The General Data Protection Regulations came into effect earlier this year after a two-year grace period. It is a complex piece of legislation about which many employees will have had extensive training. However, though the regulations directly apply to them, relatively few citizens will know much about GDPR and what it means for them. This article aims to give a quick overview of the main rights awarded to citizens (termed “data subjects”).
The first right we’ll discuss is the right to be informed. This means that, if your personal data is being collected, you have the right to know how to contact the organisations collecting and processing your data (termed the controller and processor respectively), the contact details of the Data Protection Officer (DPO) at the organizations, the basis for processing the data, who will access the data, the retention period of the data and notification of other rights under GDPR (such as the right to access your data and the right to file a complaint if you believe the data is being misused).

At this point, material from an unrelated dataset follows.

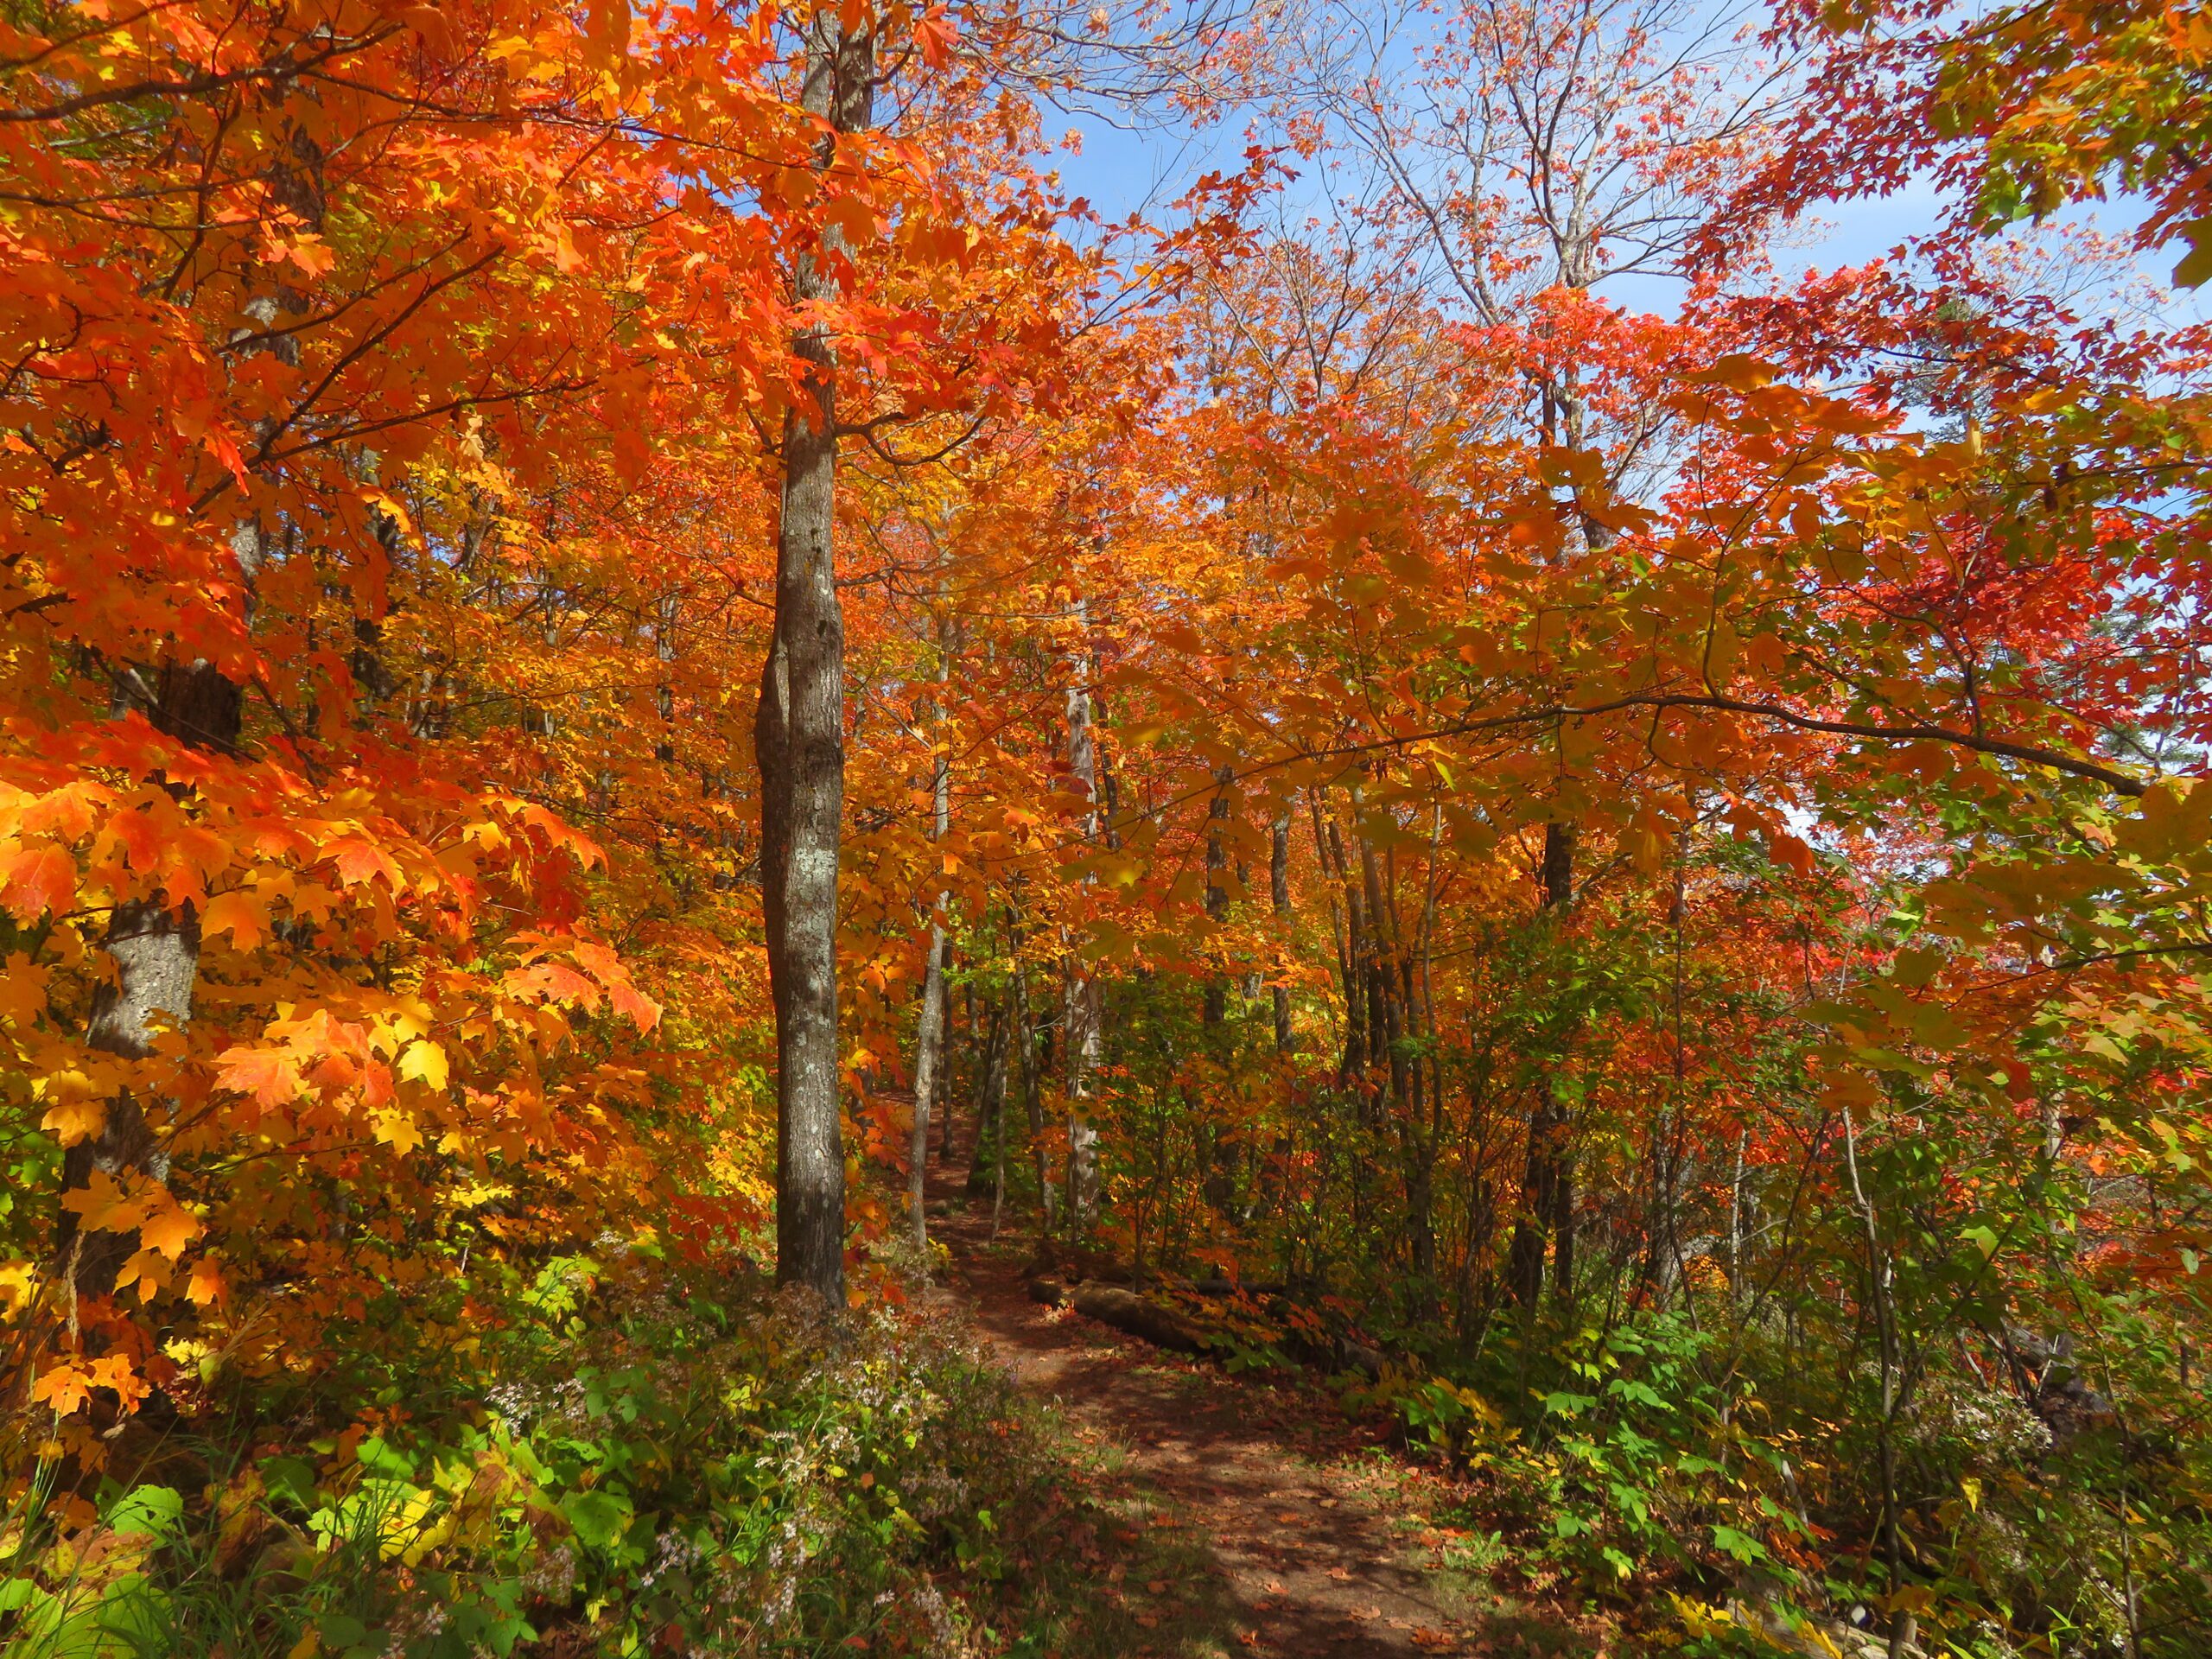 wooded trail through orange and red maple trees

The right to be informed is a fundamental right of the data subject, as it ensures that they know how their data is to be used and what they can do if they wish to change anything.
Another important right that many will have heard of is “the right to be forgotten”. This means that, if a data subject wishes, they can request that a controller or processor erases all of their data without undue delay. However, for this request to be valid, one of a number of conditions must be met. For example, the data was no longer necessary to complete the original task, or the data must be erased to comply with another legal requirement. If the data has somehow been made public, the controller or processor must communicate your wish to all recipients of the data. Data may not be erased if it is in the interest of the public interest.
There are two other related rights, the right to object to data processing and the right to restrict the use of data. If data processing is related to public interests, or the legitimate interests of others, you can object to your data being used for those purposes. More usually, you have the right to object to data processing if the data will be used for direct marketing. Similarly, you have the right to restrict how your data will be processed. Both of these rights are limited by circumstance.
There are, of course, a number of other rights detailed by GDPR. The right to access, for example, means that you can request to access all of your data that is held by the controller. The right to data portability means that you can request that this data is made available to you in a convenient manner. The right to rectification means that all data subjects can request that changes can be made to their files if the data is shown to be inaccurate.